Data excerpt:
# # # #
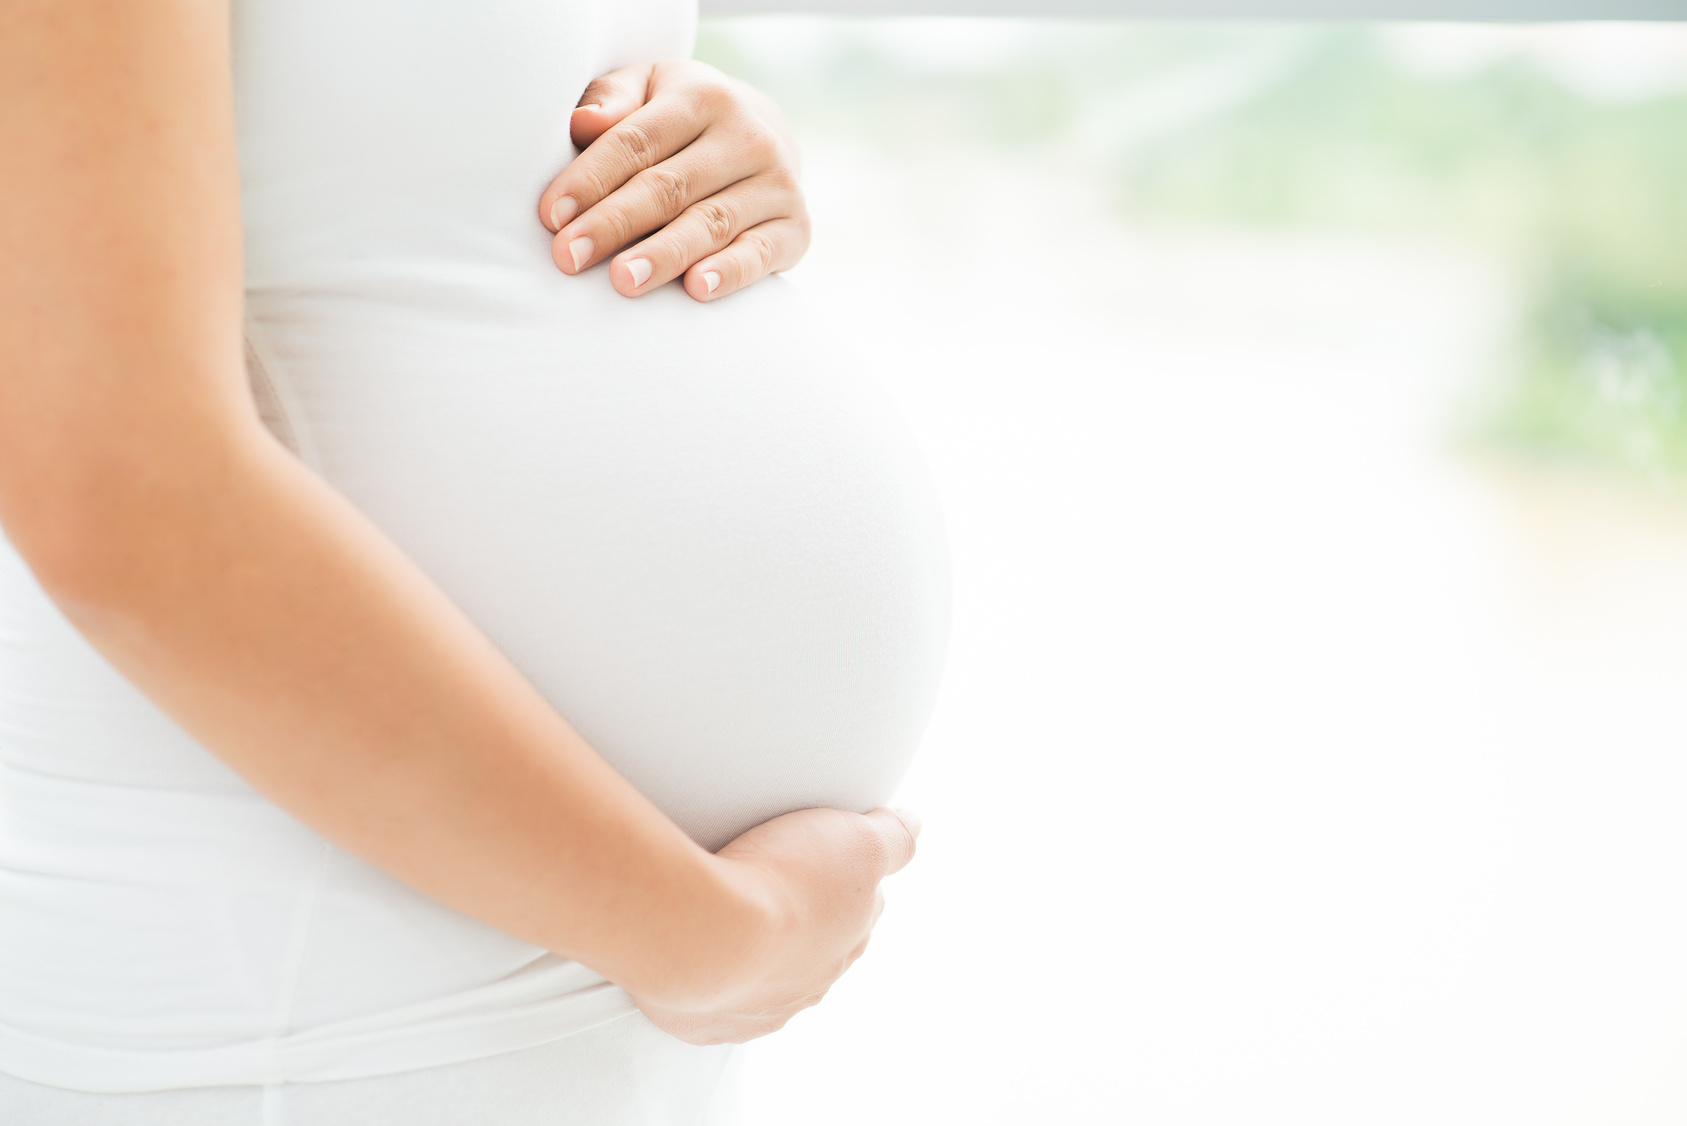 Quirónsalud Málaga incorpora un avanzado incubador de embriones que aumenta la posibilidad de embarazo
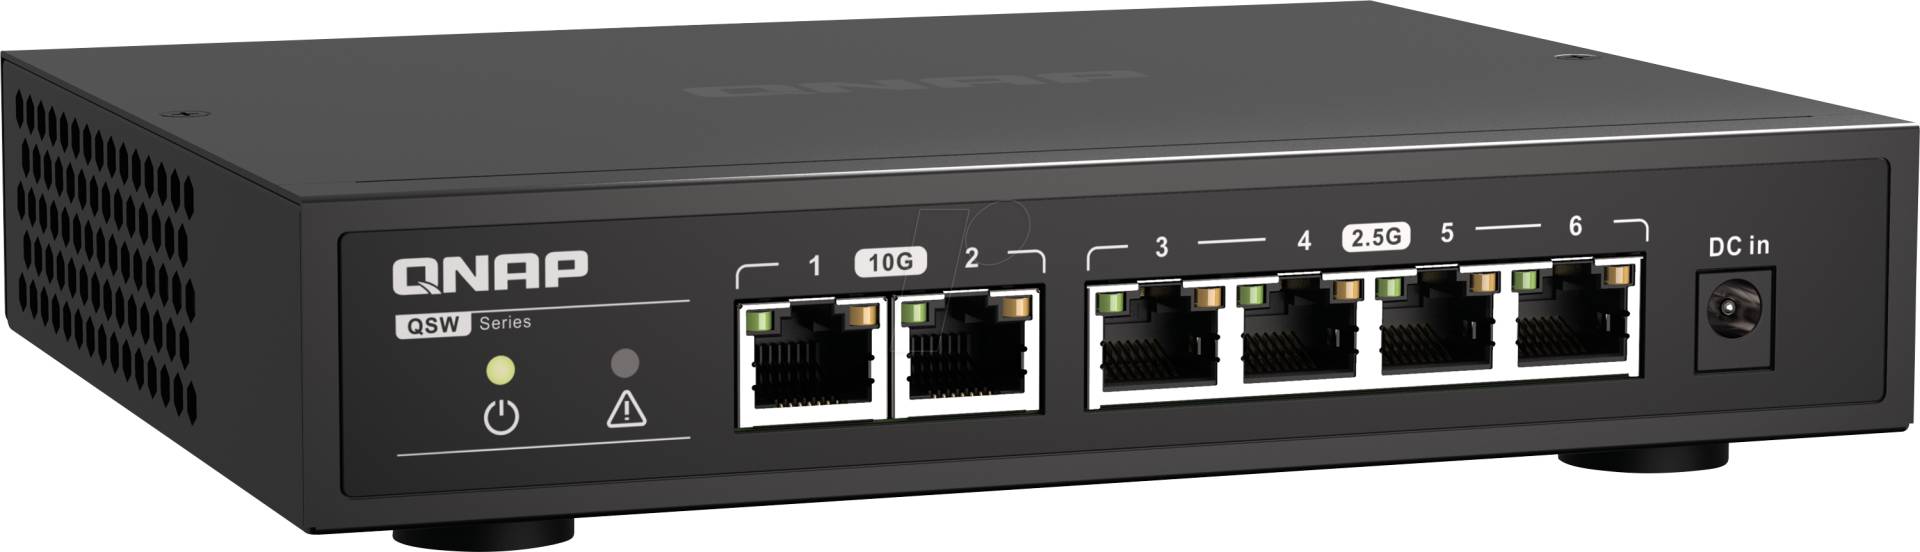 QNAP QSW-2104-2T - Switch, 6-Port, 2,5 Gigabit Ethernet von QNAP
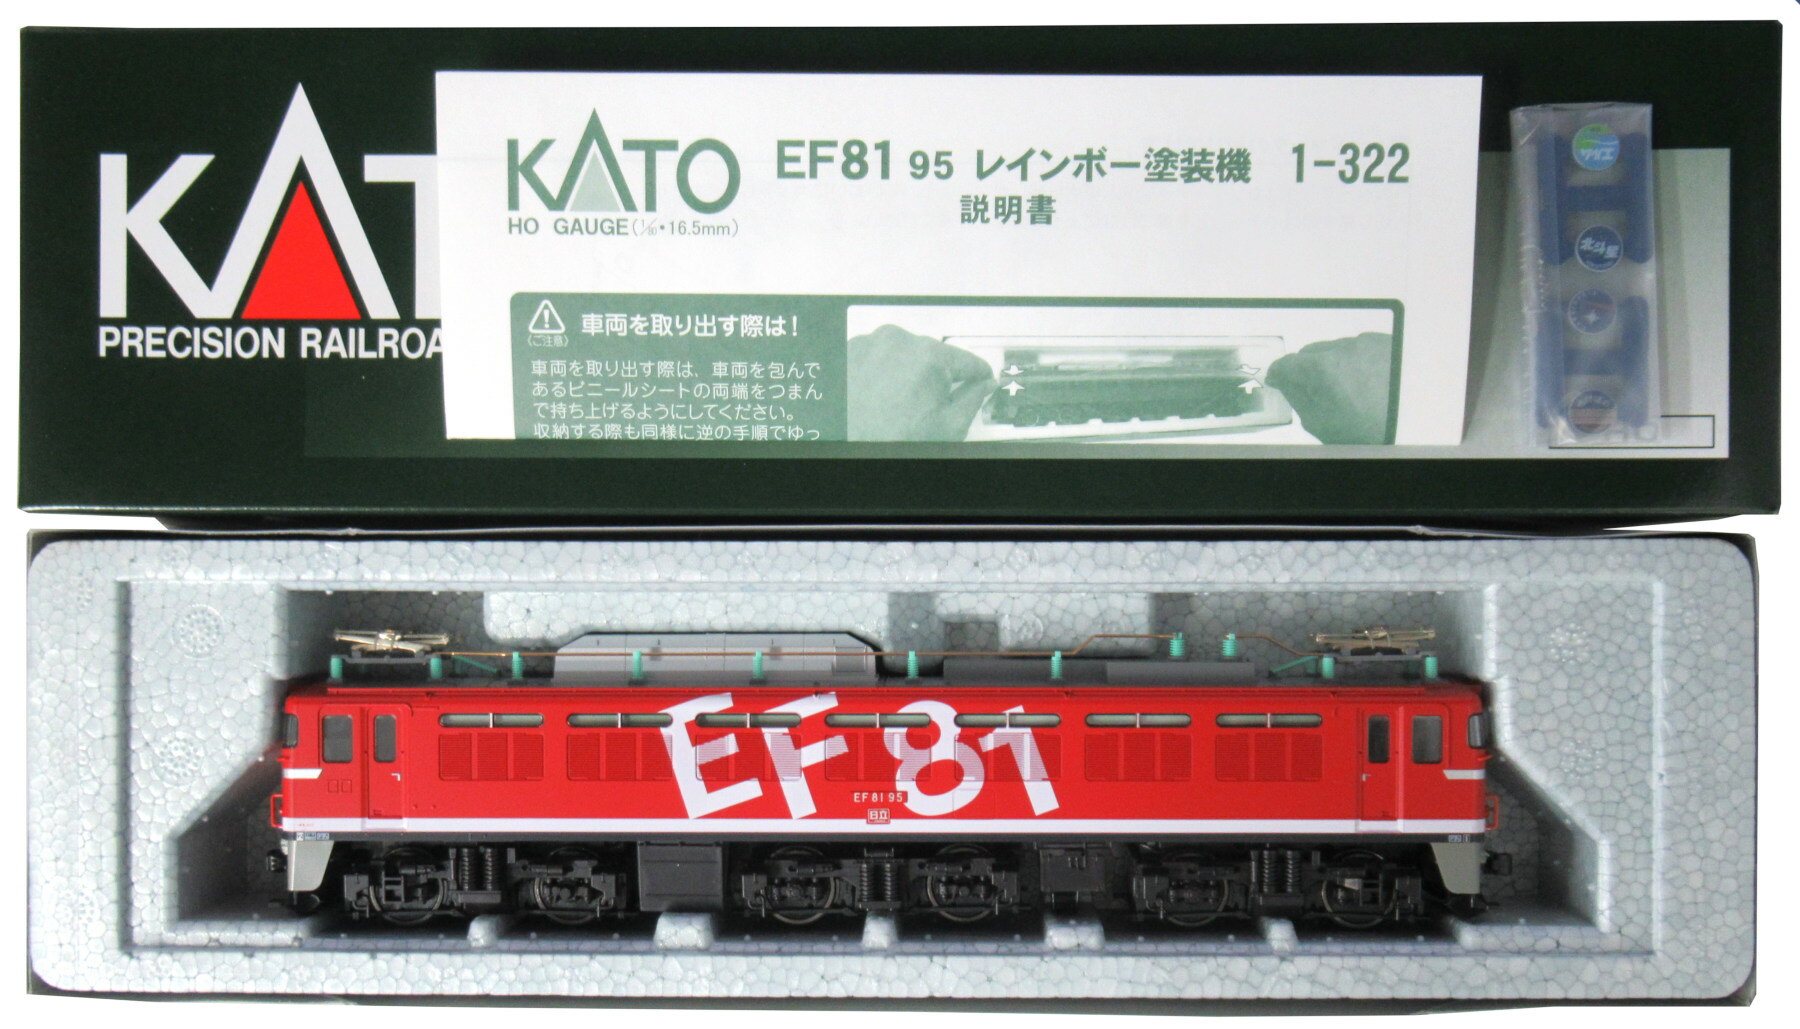 【中古】HOゲージ KATO(カトー) 1-322 EF81 95 レインボー塗装機 【A´】 外箱傷み
# # # #
Exercise instructions: Please keep every line of the data the same when you reproduce it, and keep every picture out.

Task result:
 Quirónsalud Málaga incorpora un avanzado incubador de embriones que aumenta la posibilidad de embarazo
 QNAP QSW-2104-2T - Switch, 6-Port, 2,5 Gigabit Ethernet von QNAP
 【中古】HOゲージ KATO(カトー) 1-322 EF81 95 レインボー塗装機 【A´】 外箱傷み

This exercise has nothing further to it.